In the case of the solid tumors, the reasons for the overall modest clinical effect are also unclear and contrast sharply with the results obtained in cell lines and xenografts discussed above. One possibility for such discrepancy might be the existence of redundant signaling pathways in tumor cells allowing for bypass signaling (i.e., drug-selected activation of Aurora A partners or effectors) to drive cellular proliferation despite the blockade of Aurora A kinase.
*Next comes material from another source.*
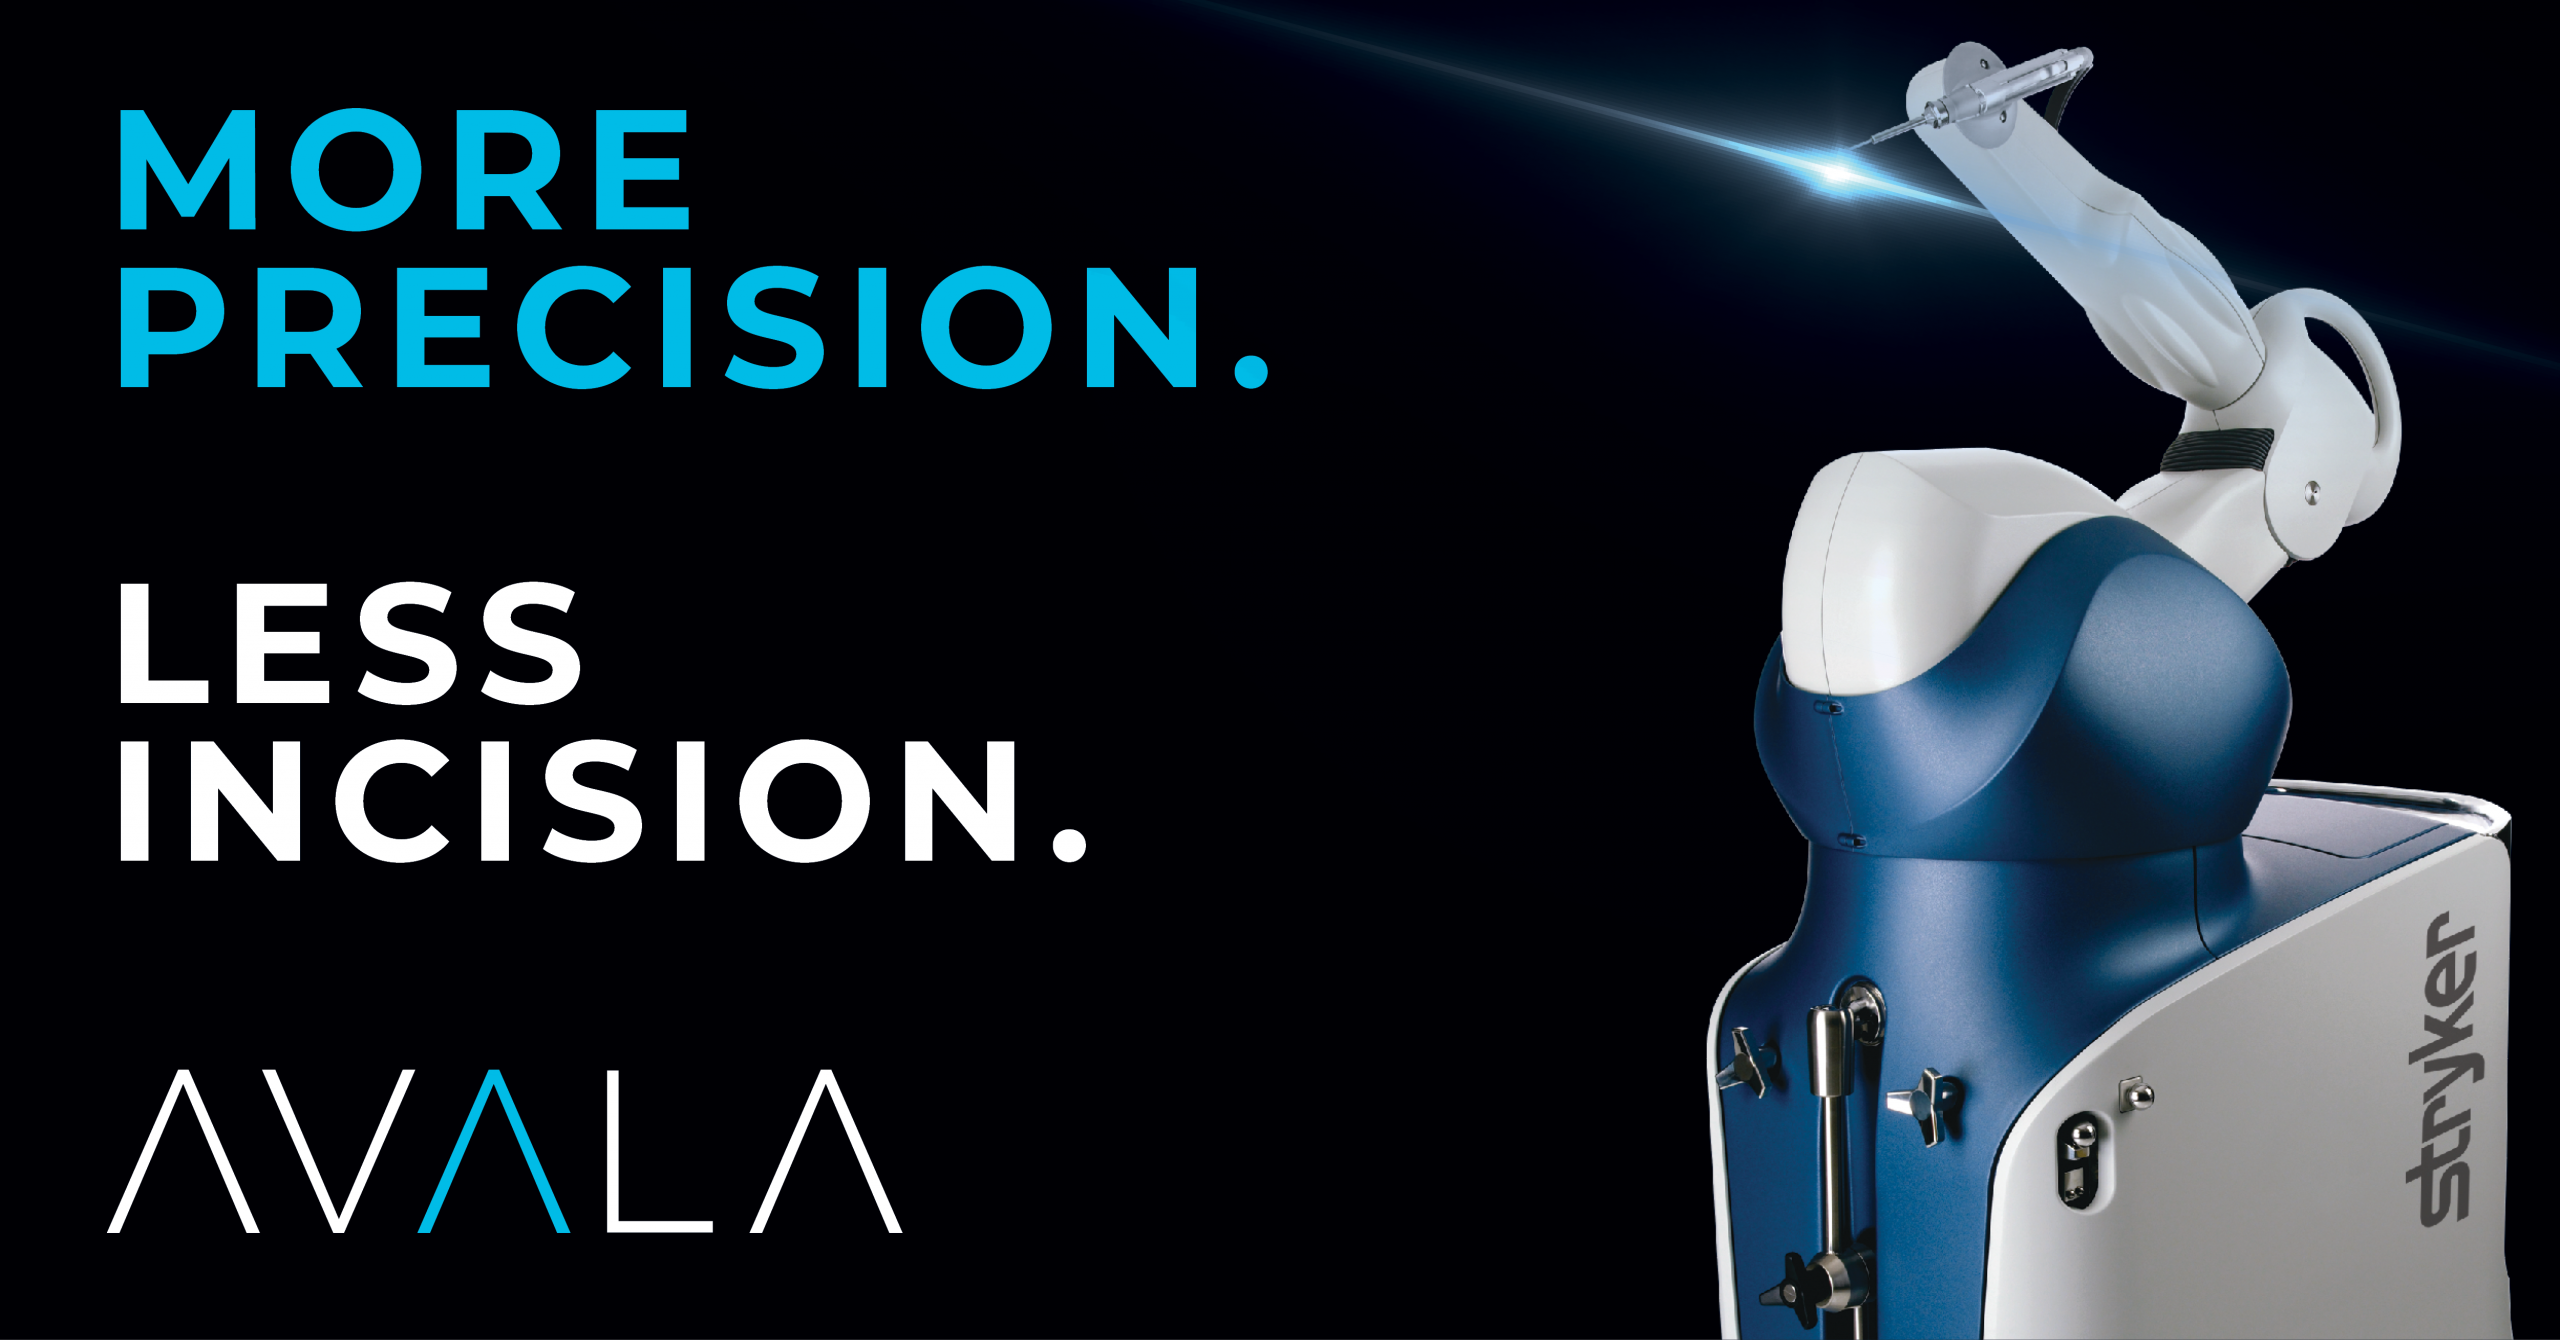 Robots - More Precision Less Incision

In a large-scale screen in breast cancer cell lines, high Aurora A copy number conferred resistance to GSK1070916, an inhibitor of Aurora B/C [235], thus suggesting a bypass mechanism between functionally related Aurora A paralogs. Practical considerations in regard to allowable dose and schedule of drug administration may also play a role in limiting efficacy; significant neutropenia is the main dose-limiting toxicity of Aurora inhibition, thus preventing prolonged Aurora A signaling inhibition. Dose-escalation studies [236] demonstrated a trend toward higher antitumor activity when neutropenia was prevented by administration of growth factors.
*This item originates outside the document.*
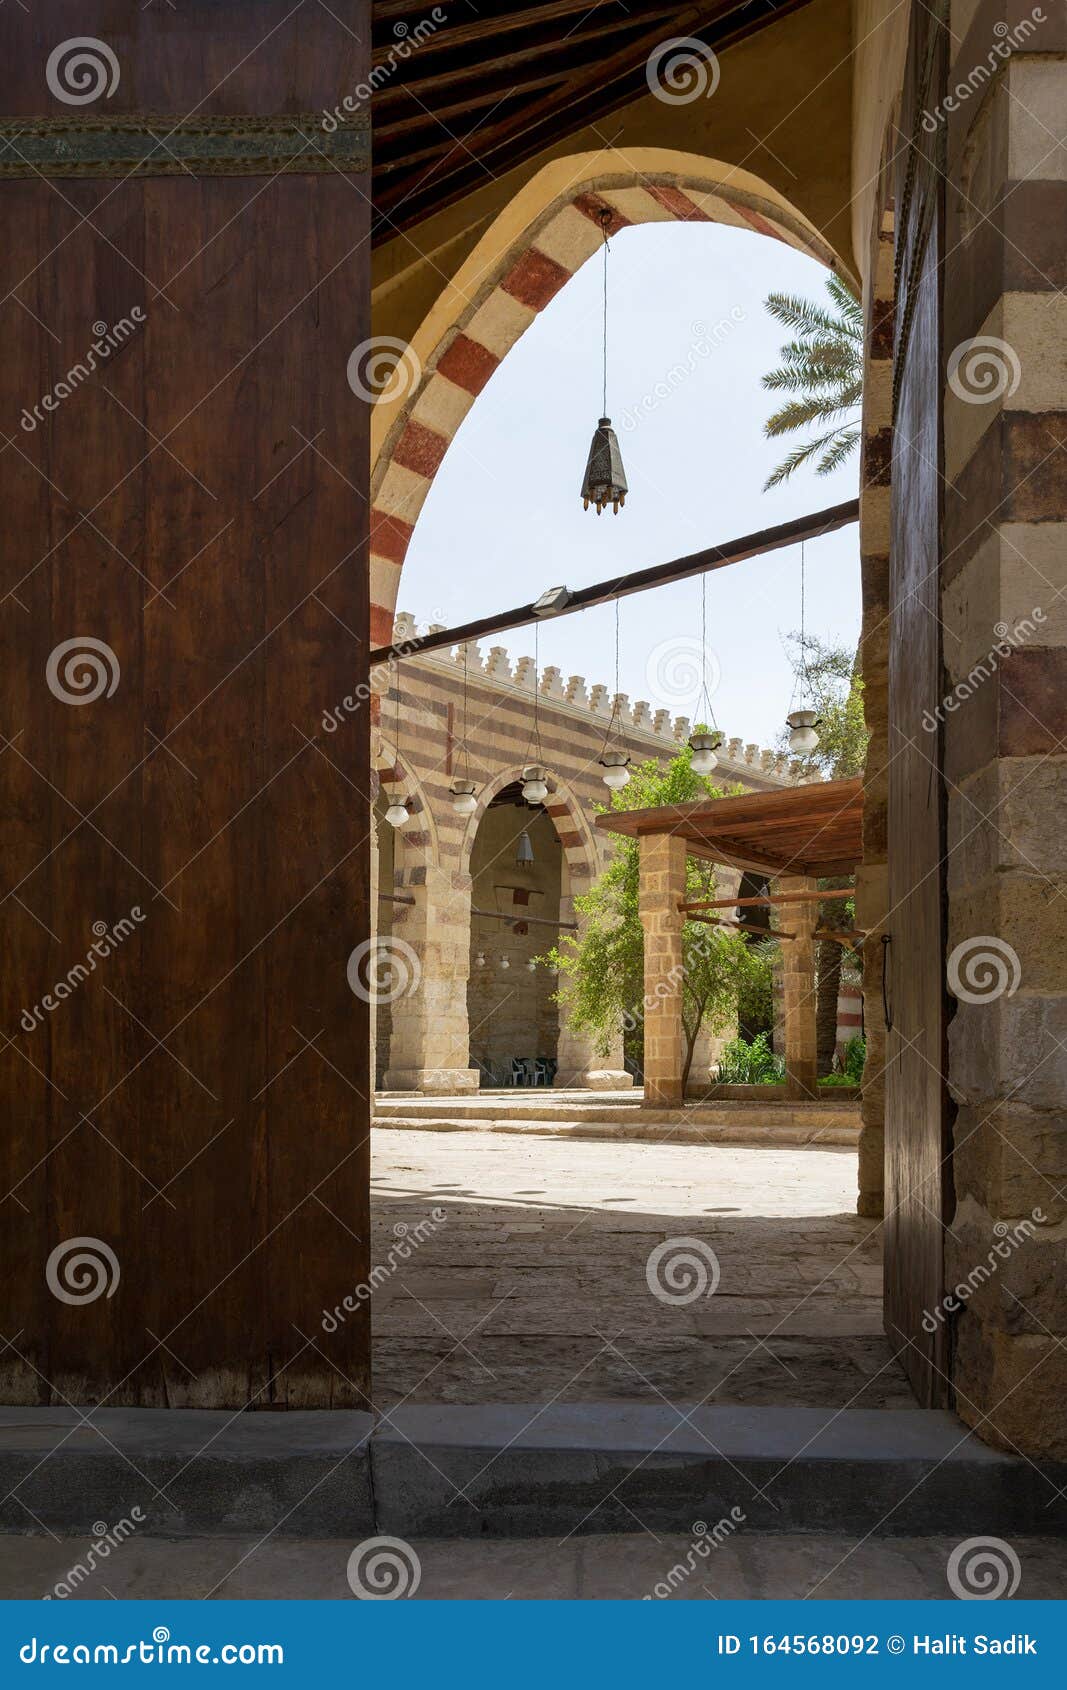 door of historic mamluk era amir aqsunqur mosque, blue mosque, reveling courtyard, cairo, egypt

In spite of all the biological properties discussed above, it remains unresolved if Aurora kinase A is a true oncogenic driver in human cancers. As noted above, the Aurora A locus at 20q13 is frequently amplified as part of large chromosomal amplicons, or even the entire arm or chromosome copy number is increased. The relationship of the Aurora copy number and its kinase activity to the sensitivity to its specific inhibitors is presently unknown. The Aurora gene copy number may have differential interaction with the treatment drugs. Suggestively, in some studies, a higher level of AURKA expression was noted in low-grade, less aggressive tumors [212, 226]. Alternatively, increased AURKA gene copy number may be an oncogenic driver, but simultaneously render cells more susceptible to chemotherapy owing to enhancement of a “mutator phenotype” [237] associated with abnormal cell divisions and genomic instability in cells with hyperactive Aurora A kinase.
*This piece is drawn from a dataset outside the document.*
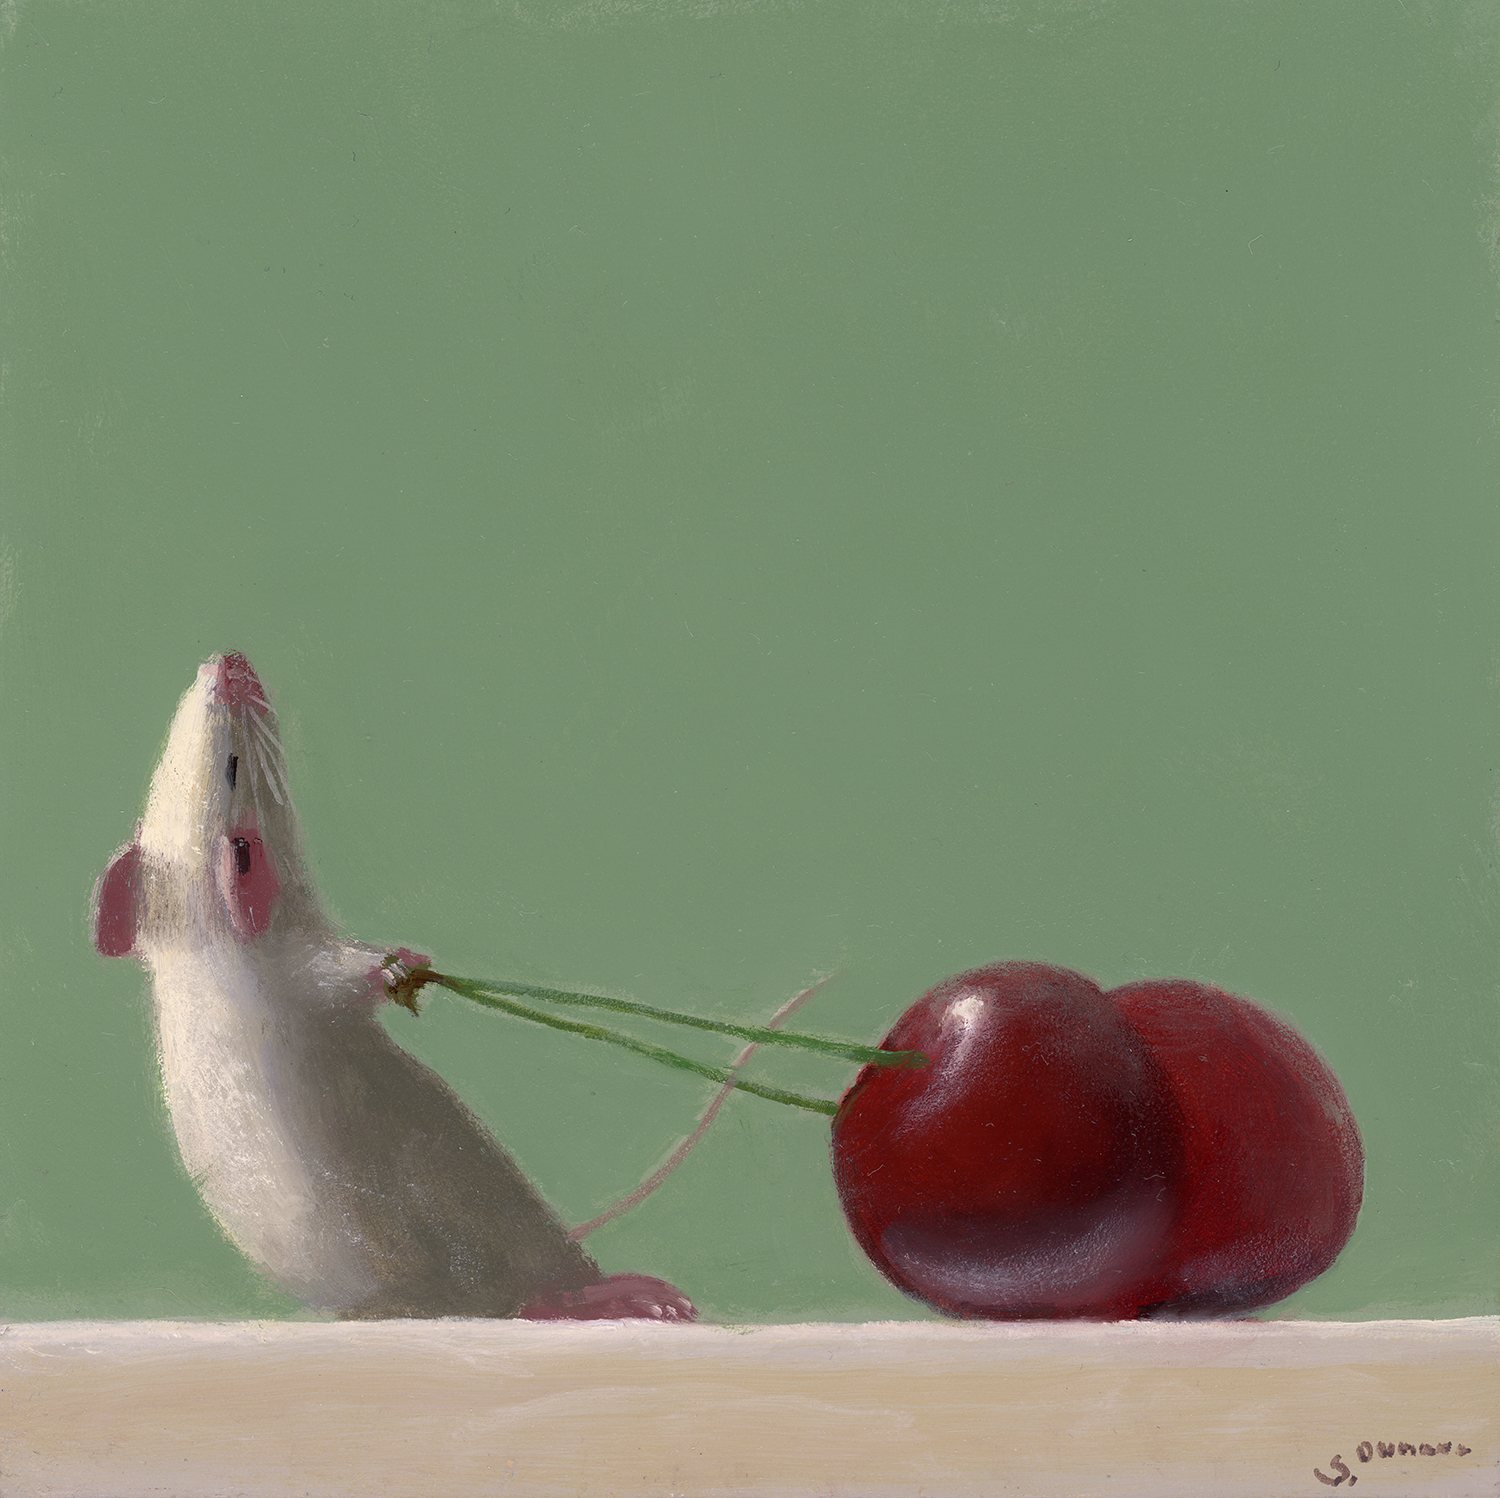 Catching Cherries - Dunkel Stuart

Abundant preclinical data provide support for combining Aurora A inhibitors with a wide variety of existing agents targeting the Aurora A partners and effectors discussed above, or with less specific antimitotic agents such as microtubular poisons or ionizing radiation [238]. For the last possibility, one rationale is based on the known activity of Aurora A in enhancing tumor radioresistance [239] through p53 phosphorylation and increased Akt activity [171, 181]. In practice, inhibition of Aurora A sensitizes cancer cells to radiation therapy (RT), even in tumors such as head and neck carcinomas that contain p53-inactivating mutations [163]. Moving further afield, we have previously identified synergy in combining inhibitors targeting Aurora A and members of core proliferation and survival pathways such as EGFR [240] and SRC [196]; EGFR and SRC inhibition each independently enhance RT. Future strategies may combine Aurora A inhibition with EGFR inhibitors such as cetuximab or SRC inhibitors such as dasatinib to improve clinical efficacy. If there is one consistent lesson emerging from the field of systems biology, it is that inhibition of a single target, no matter how promising, is likely to be insufficient for cancer therapy except in the most unusual cases.